In 1961, Southwest Kansas Television Company opted to switch KTVC's network affiliation from ABC to CBS (airing programming primarily from KTVH in Hutchinson), taking effect on June 4. In making the decision, station president Wendell Elliott cited the need for freedom in scheduling its programming, which the ABC contract did not offer. The next year, KAYS changed its affiliation to CBS and purchased KWHT-TV of Goodland, Kansas, changing its call letters to KLOE-TV; the four stations formed the Kansas Broadcasting System (KBS), the CBS affiliate for central and western Kansas.

Leigh Warner bought Southwest Kansas Television Company in 1969. After Warner's death in 1985, his estate sold KTVC to Nuco TV, which owned the remainder of the KBS network; in approving the sale, the Federal Communications Commission noted that KTVC was the last television station in western Kansas not already owned by a Wichita station.

The Kansas Broadcasting System was acquired for $45 million by Smith Broadcasting in 1989; after the sale was completed, the station changed its call letters to KBSD-TV, as part of an effort that saw KWCH's three semi-satellites change their call letters to bolster the KBS network's identity. Smith sold the station to Spartanburg, South Carolina–based Spartan Communications in 1994; Spartan merged with Media General in 2000. In 2005, KWCH began operating a digital automation system from its Wichita studio facility, which handled the scheduling of advertisements and master control operations for all four KBS stations.

On April 6, 2006, Media General announced that it would sell KWCH, its satellites, and four other stations as a result of its purchase of four former NBC owned-and-operated stations (WVTM-TV in Birmingham, Alabama; WCMH-TV in Columbus, Ohio; WNCN serving Raleigh, North Carolina; and WJAR in Providence, Rhode Island). South Bend, Indiana–based Schurz Communications eventually emerged as the winner and took over on September 25, at which time Schurz formed a new subsidiary known as "Sunflower Broadcasting, Inc.", which became the licensee for its Wichita media market broadcasting properties.
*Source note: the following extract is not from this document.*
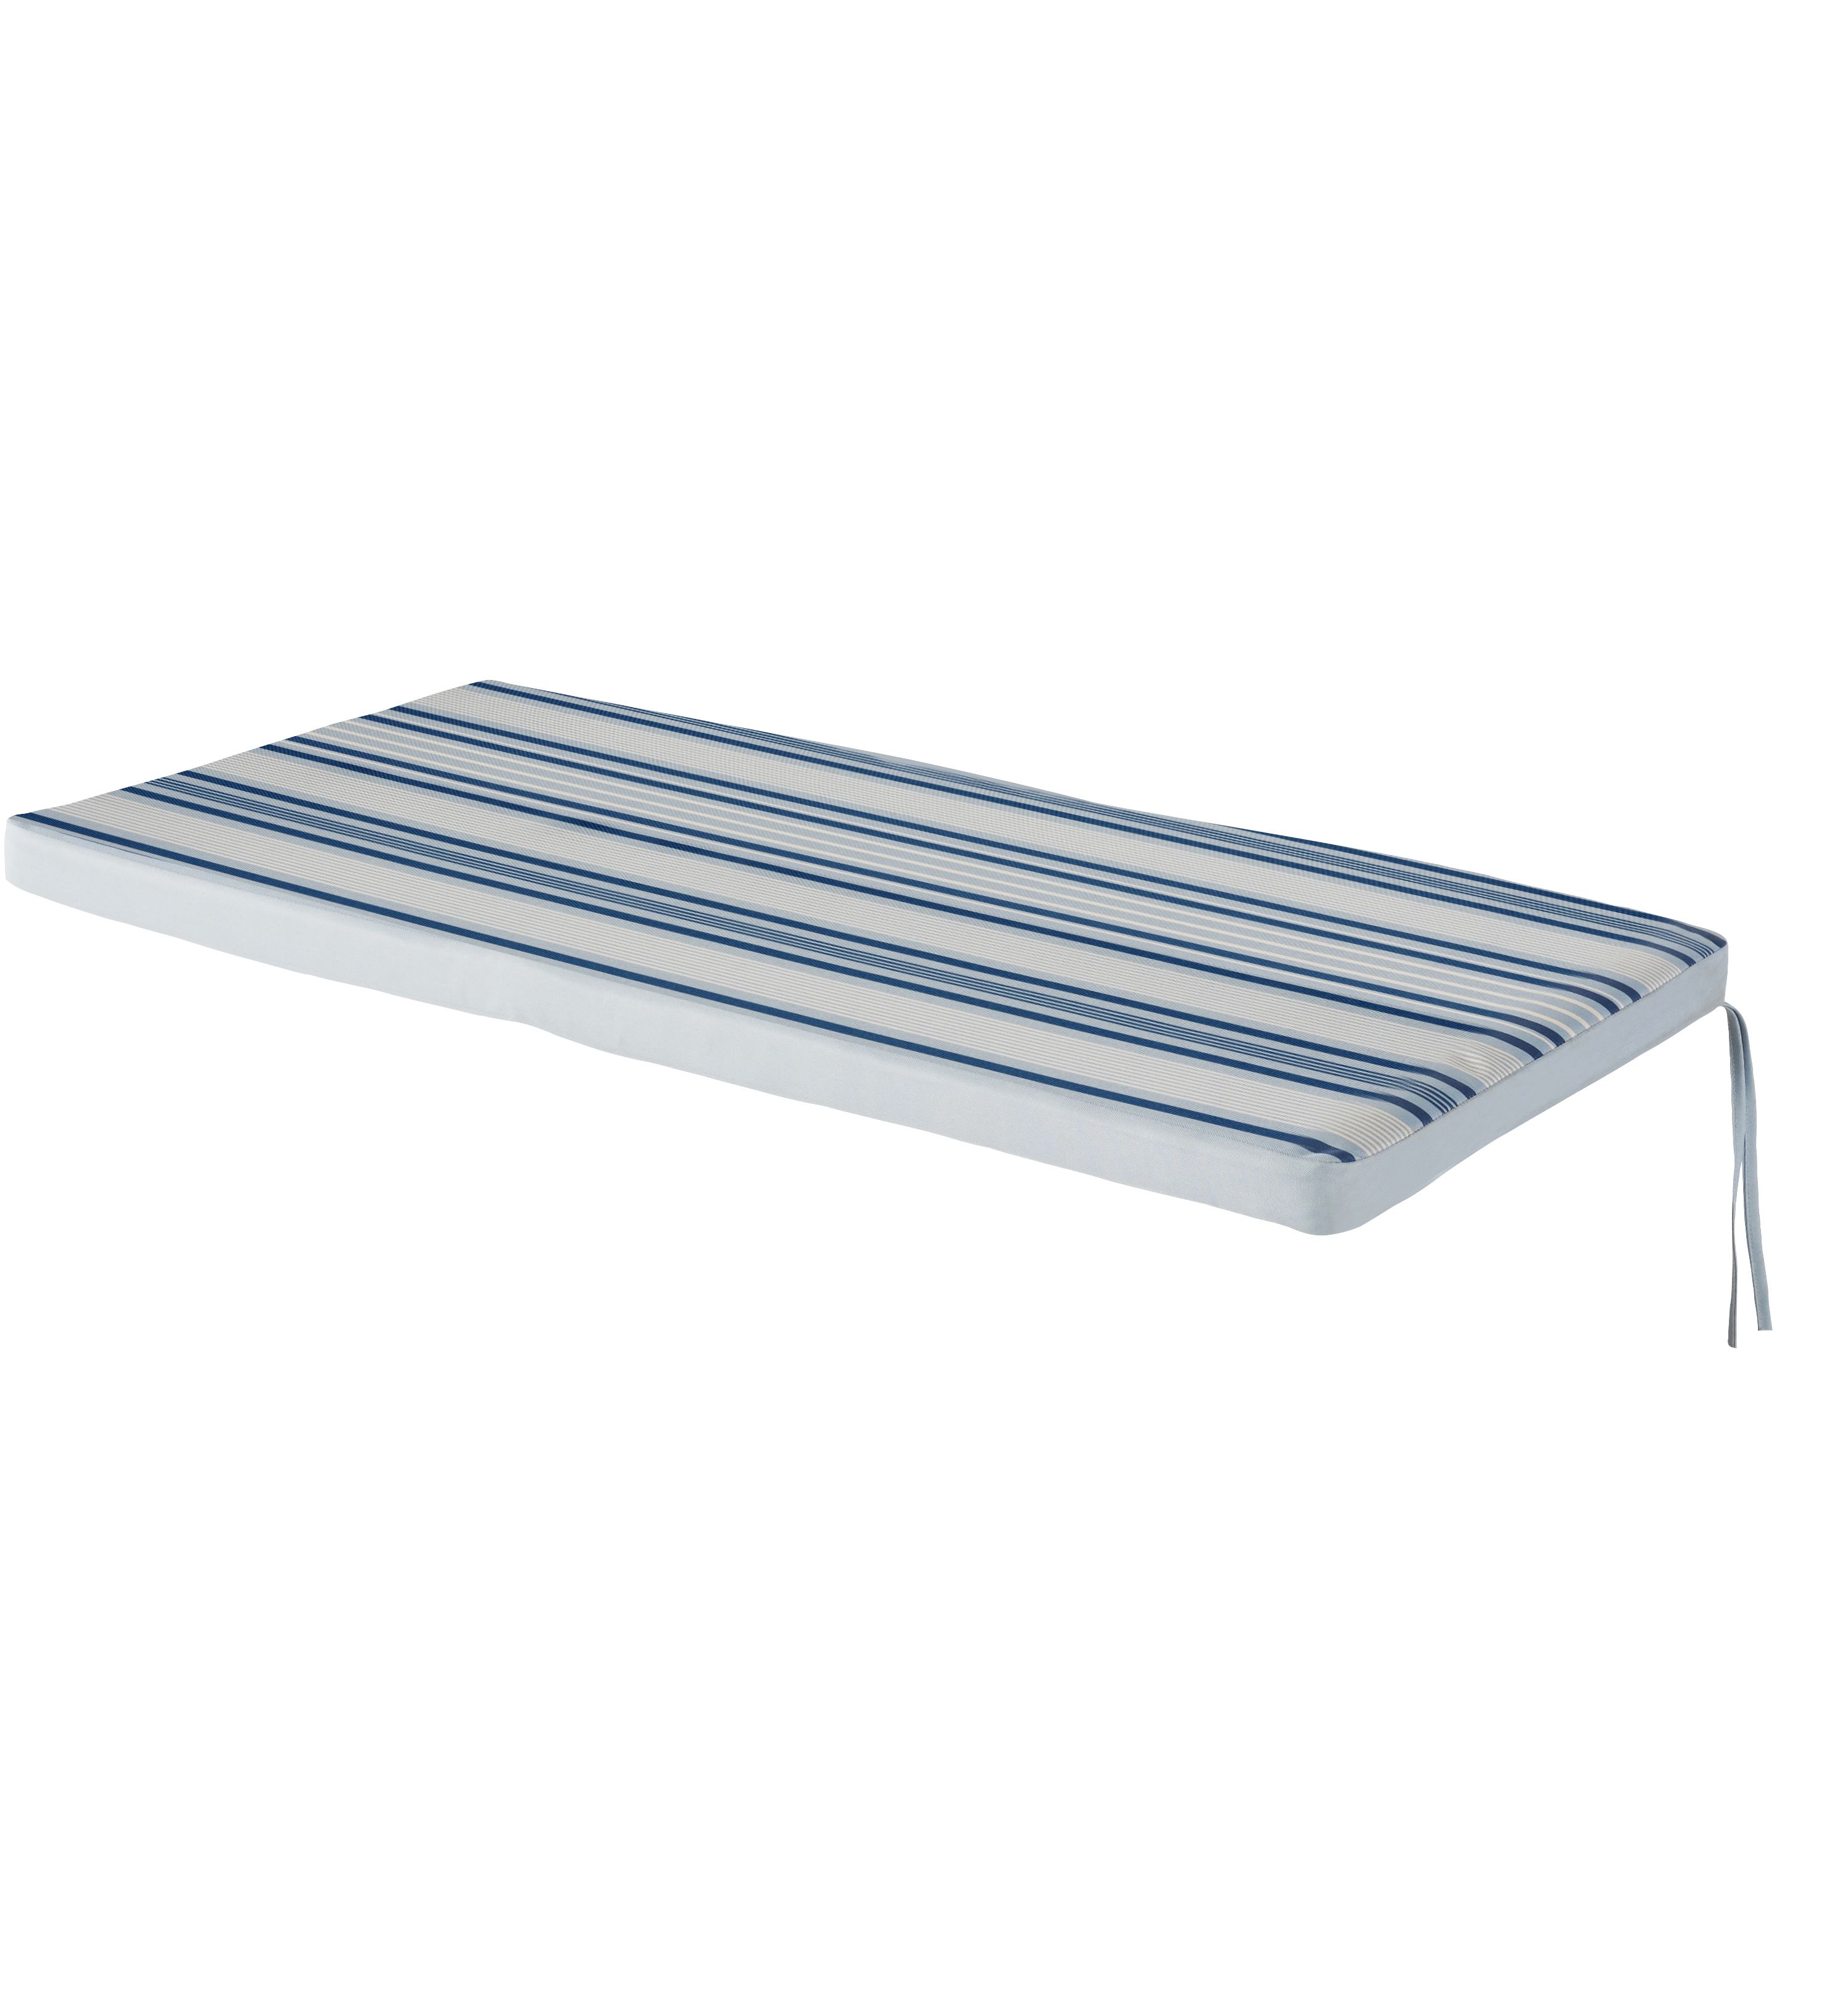 Isla Striped Blue Stripe Bench Cushion L 103 5cm X W 48cm Diy At B Q

Schurz announced on September 14, 2015, that it would exit broadcasting and sell its television and radio stations, including KWCH-DT and its satellites, to Gray Television for $442.5 million. Gray already owned KAKE and its satellites (including KUPK channel 13); however, it sold that station to Lockwood Broadcast Group and kept the KBS stations. The sale was completed on February 16, 2016.

==Newscasts==

KTVC/KBSD produced a full local newscast for many years, in addition to simulcasting newscasts from KTVH/KWCH. News programming on the station in recent years has been downsized to reports contributed to KWCH's Wichita-based newscasts and web content supplied through KWCH's website.

===Notable former on-air staff===
- Cameron Sanders – anchor/reporter (1978–1979)
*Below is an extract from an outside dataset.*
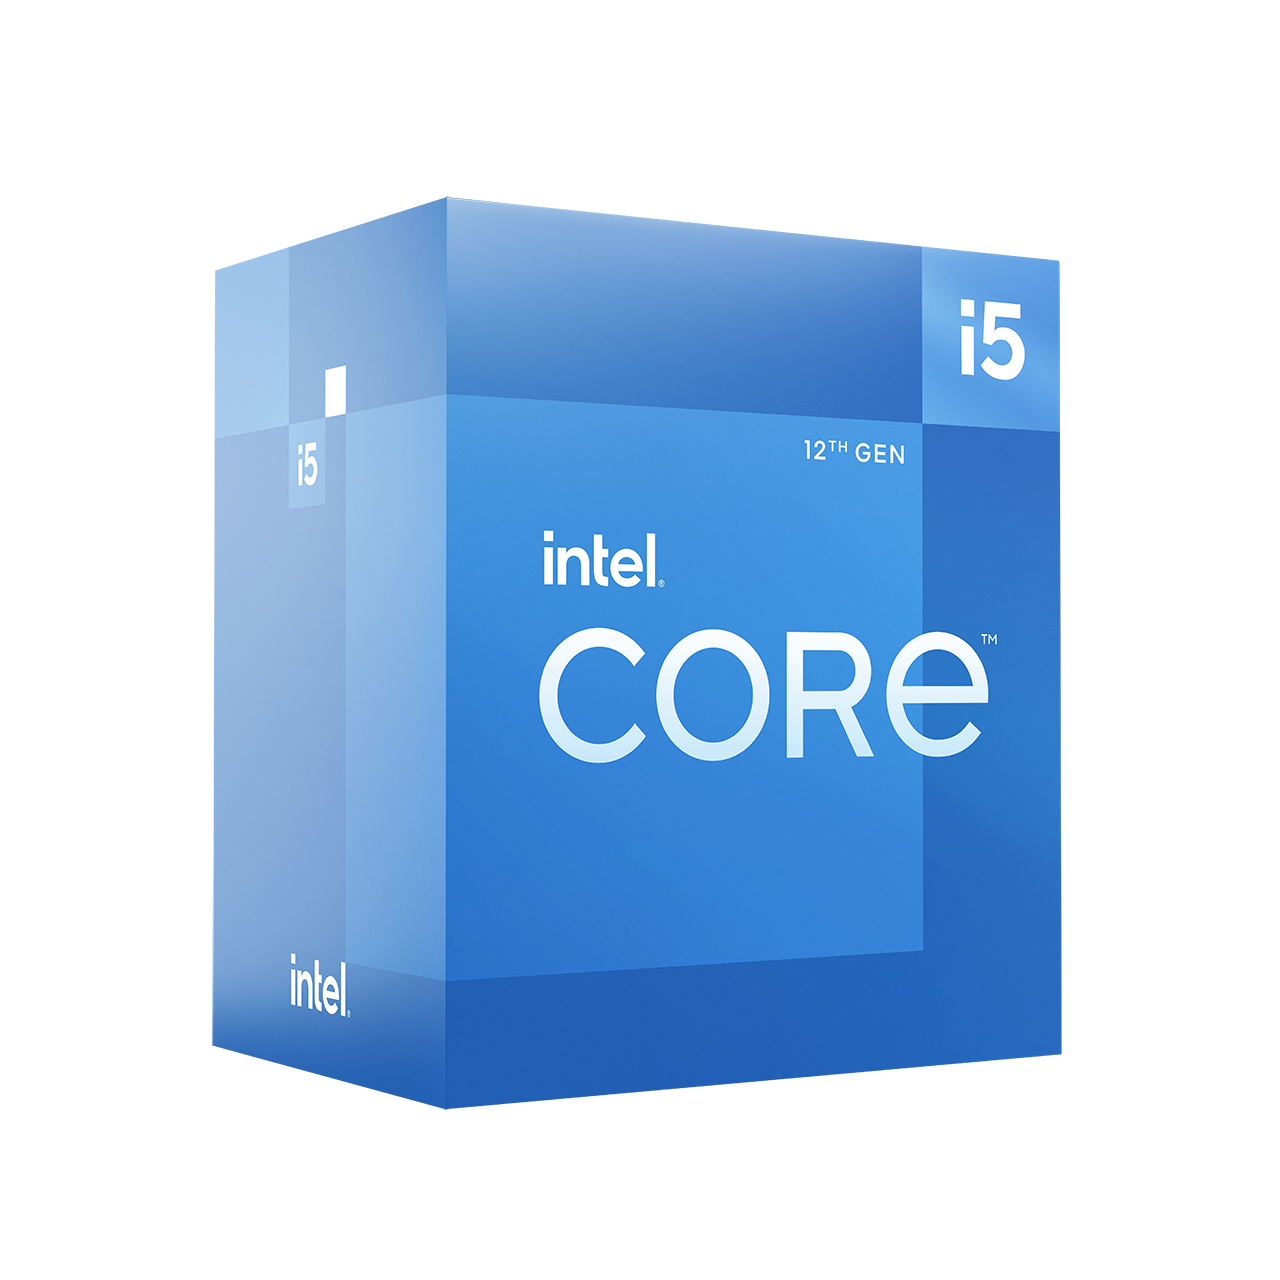 インテル® Core™ i5-12600 プロセッサー - 18M キャッシュ、最大 4.80

==Technical information and subchannels==
KBSD-DT's transmitter is located east of K-23 in rural northwestern Gray County. The station's signal is multiplexed:

Subchannels of KBSD-DT
| Channel | Res. | Short name | Programming |
| 6.1 | 1080i | KBSD-DT | CBS |
| 6.2 | 480i | KBSD-WX | Always On Storm Team 12 |
| 6.3 | Heroes | Heroes & Icons |
| 6.4 | Outlaw | Outlaw |

===Analog-to-digital conversion===
KBSD shut down its analog signal, over VHF channel 6, on June 12, 2009, the official date on which full-power television stations in the United States transitioned from analog to digital broadcasts under federal mandate. The station's digital signal relocated from its pre-transition VHF channel 5 to channel 6. The station modified its callsign to KBSD-DT two weeks later on June 25, 2009, in reflection of the transition.
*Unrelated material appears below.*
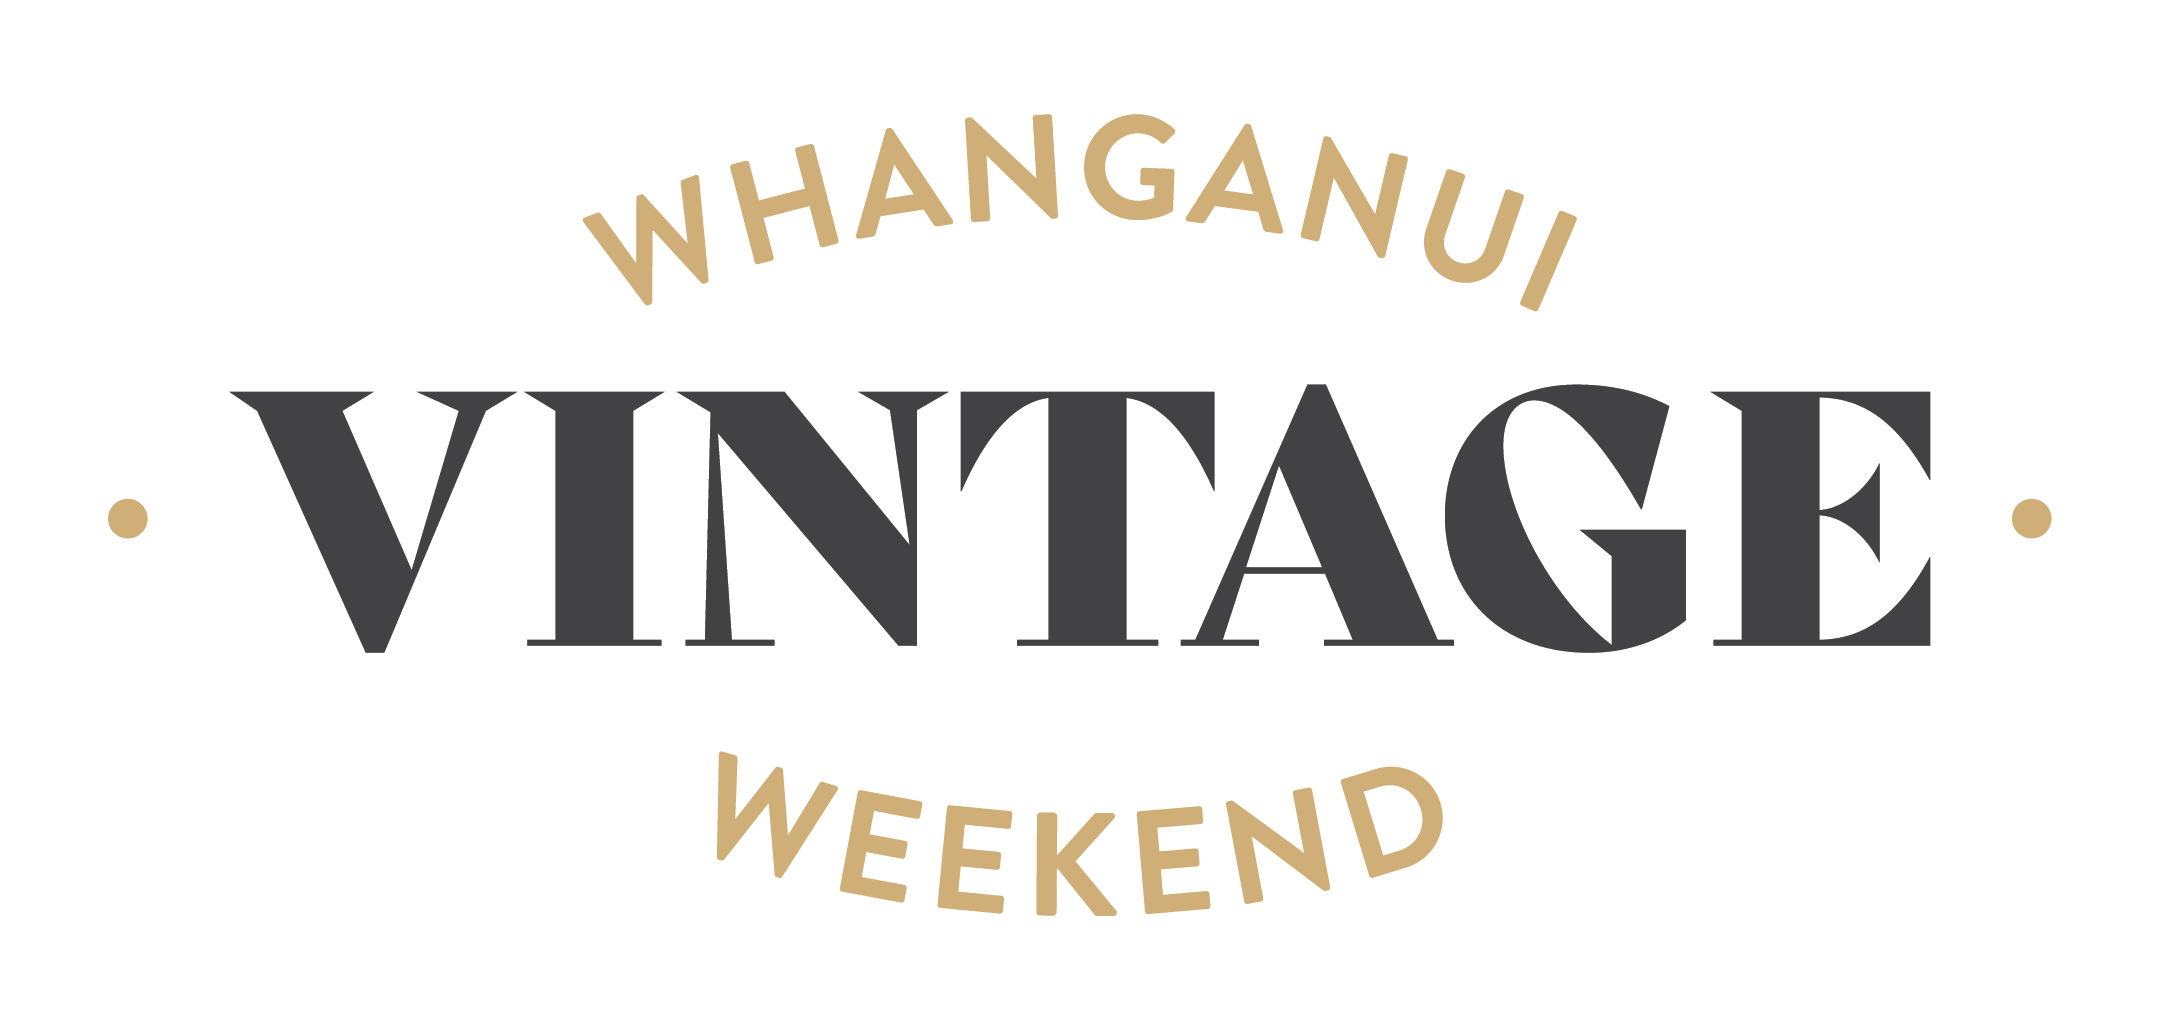 Whanganui Vintage Weekend

The digital transition resulted in the loss of ability to listen to KBSD's audio feed over 87.7 FM; due to power outages caused by the storm and the fact that most radio stations in the area are automated during the overnight hours and on weekends, KBSD's audio rebroadcast of KWCH's severe weather coverage was one of few ways that Greensburg residents were able to receive information during and in the immediate aftermath of the EF5 tornado that struck the town on May 4, 2007. Television stations broadcasting on VHF channel 6 were audible over this frequency during the analog television era, although this is no longer possible due to the transition, even for stations that broadcast their digital signals on channel 6.